▶ Data block
· · ·

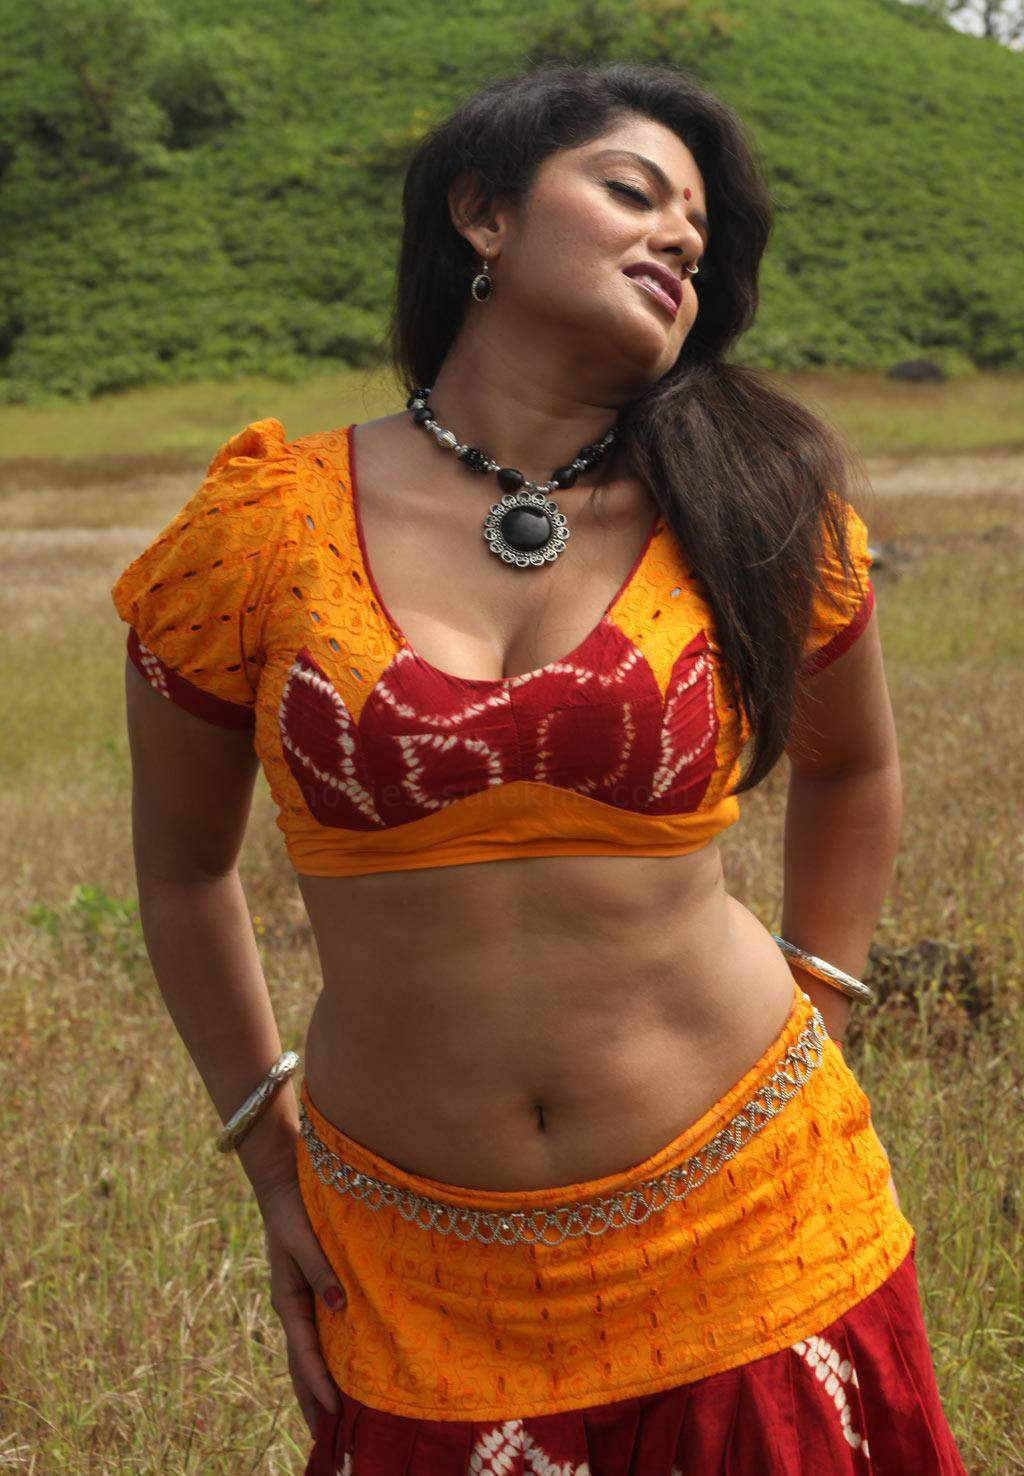 http://4.bp.blogspot.com/-hIYlB0Wb9Ys/TWTP16-jtoI/AAAAAAAABB8/xg04xjhhMro/s1600/hot-tamil-actresses-swathi-verma-from+tamil+movie-devathasiyin-kadhai-desktop-wallpapers_hottamilactresseshub.blogspot.com_000.jpg
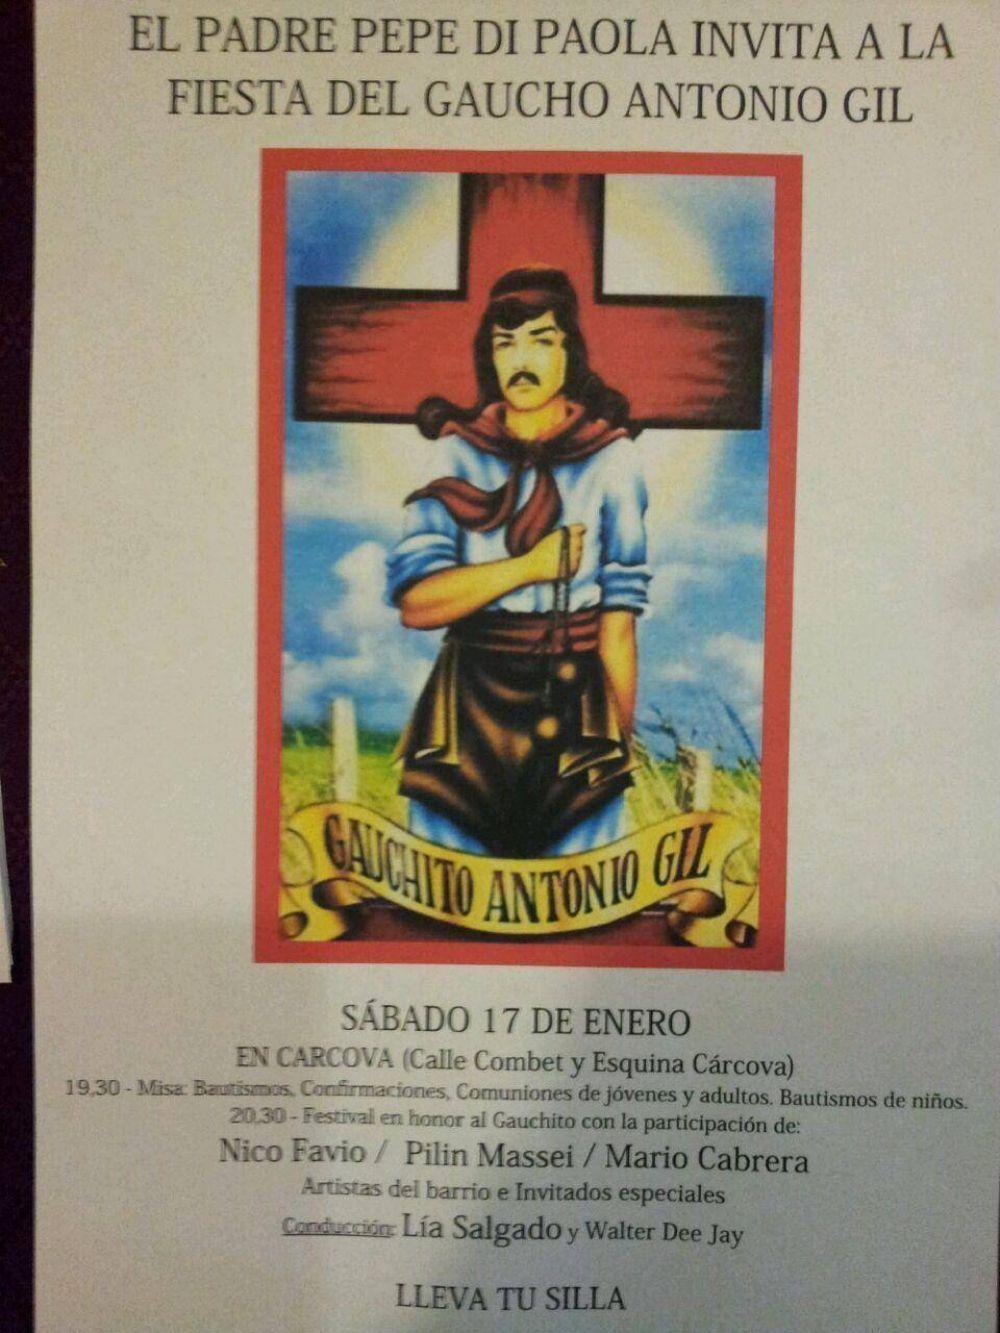 El Padre Pepe Di Paola invita a participar de la fiesta del Gaucho Antonio Gil
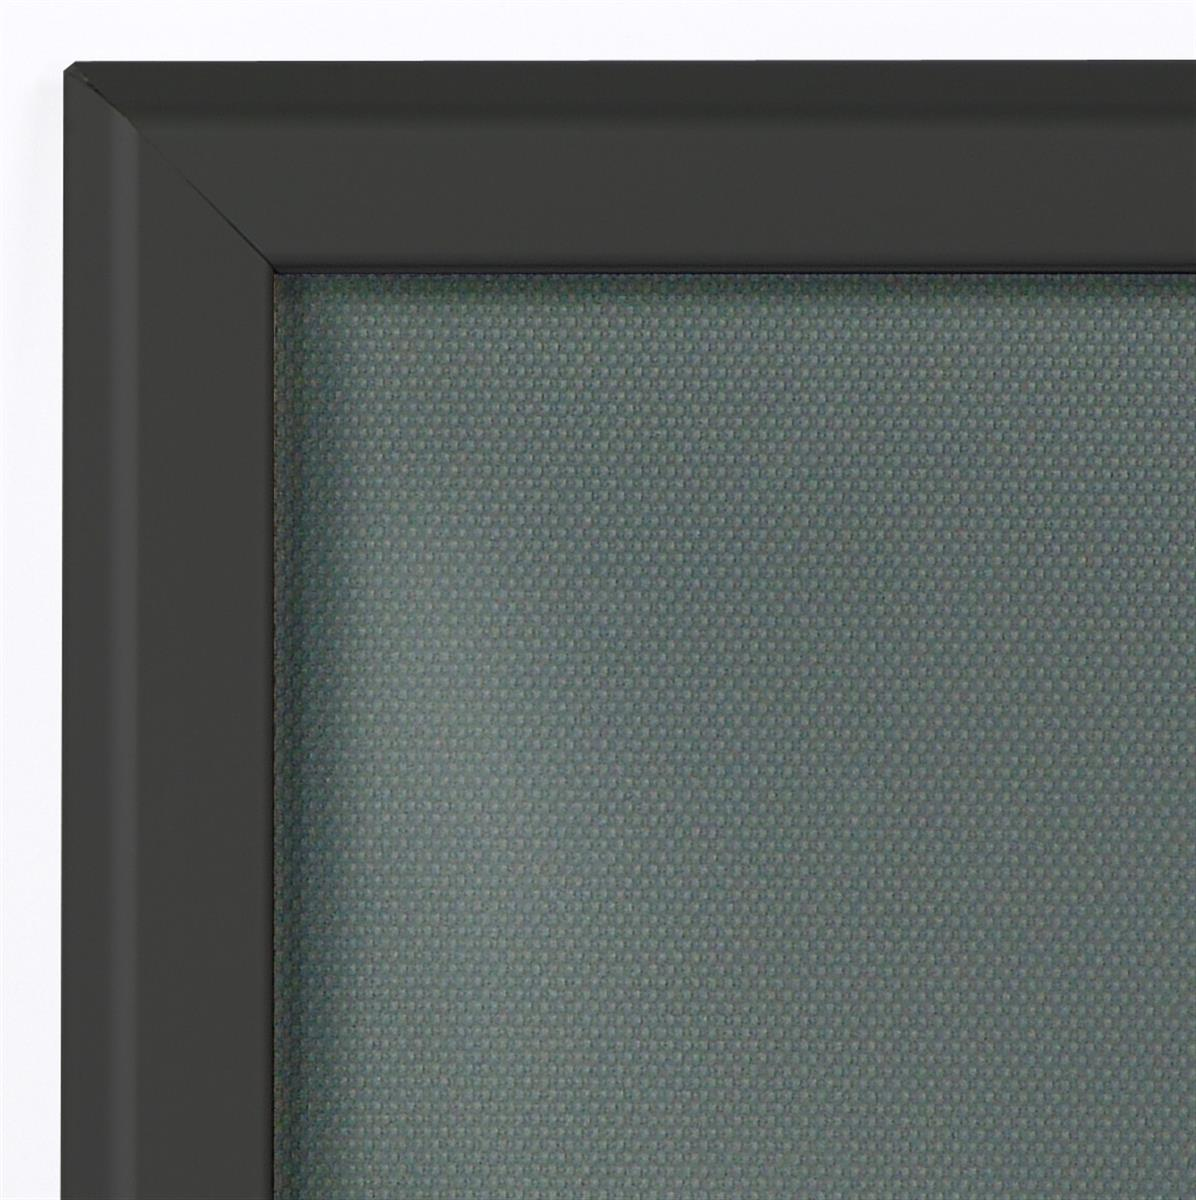 Quick Clip Poster Frames in Black Fit 18 x 24 Prints

· · ·

Take the lines from the one holding "El Padre Pepe" through the last line of the data above and copy them exactly, both ends included, omitting all pictures.

 El Padre Pepe Di Paola invita a participar de la fiesta del Gaucho Antonio Gil
 Quick Clip Poster Frames in Black Fit 18 x 24 Prints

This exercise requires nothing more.